Tuesday, June 10, 2008

Tears

It's 5:00 a.m. and I've been up since about 3:30 -- giving my spot in the bed to Josh who "couldn't sleep" and getting up to feed and let the dogs and kitties out to ramble. I decided to read and answer emails (there have been so many kind words) and read my blogs that I have on feed.

The final one I read was my husbands blog: A Dad's Adoption Story. It was the thing that broke me. I am sitting here in tears. If you have time, click over and read it.

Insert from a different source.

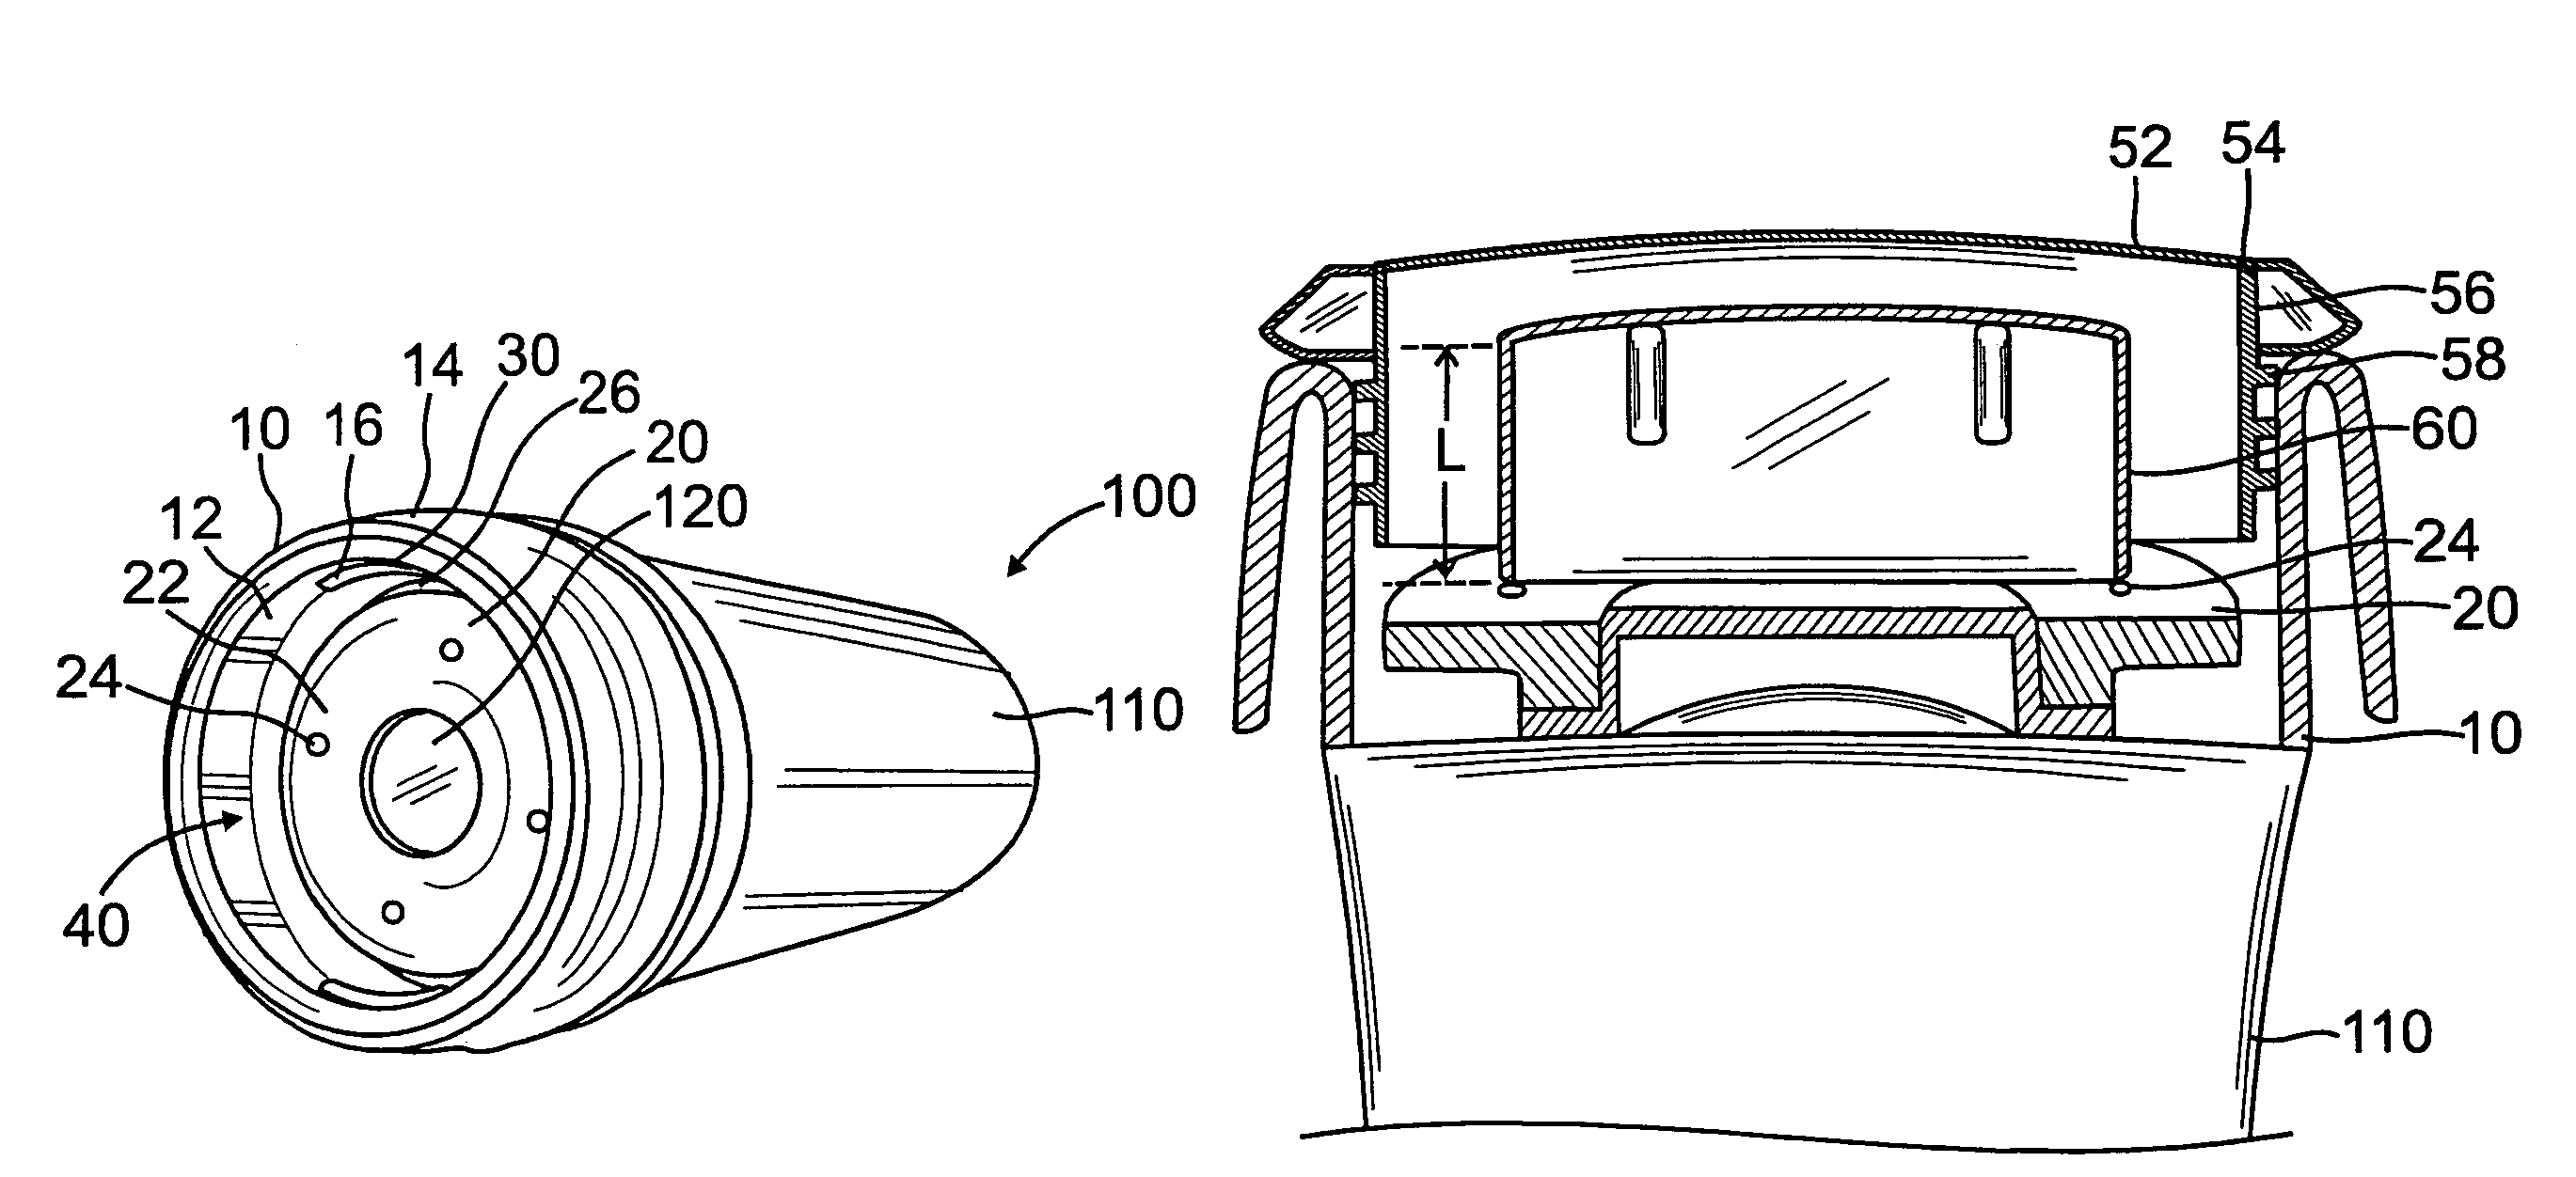 Thermos with beverage consumption apparatus which enables liquid to be consumed directly from the thermos when a valve is opened

What a wonderful man I married -- what a great father and what a man after God's heart. I am amazed, in awe and in love. I so pray that God gives him this baby girl he dreams of -- that our entire family dreams of. What better father could she have. In all his and my imperfections as people and parents, a child can never say that we don't offer never-ending love.

Speaking of dreams, I suppose all the emotion of this journey and adoption came out subconsciously last night as I dreamed about our daughter. The last dream I had about a daughter was the night our first little referral was born. It remains to be seen if this is the case this time.

My appreciation to "my friend" (Kevin jokes that they are "his friends" too), Sharon, who brought the remainder of our dinner last night -- dessert and drinks. I'm eating one of her cookies right now -- YUM, comfort food. The lasagna "my friend" Jennifer brought was MOST excellent and we are looking forward to finishing it off today for lunch. THANK YOU!!!

1 comment:

Jeanne said...

Maria, your blog has the best possible name, because you share your heart with us every day. It is such a gift to the rest of us. I dreamt of my referral last night as well--maybe they were both born!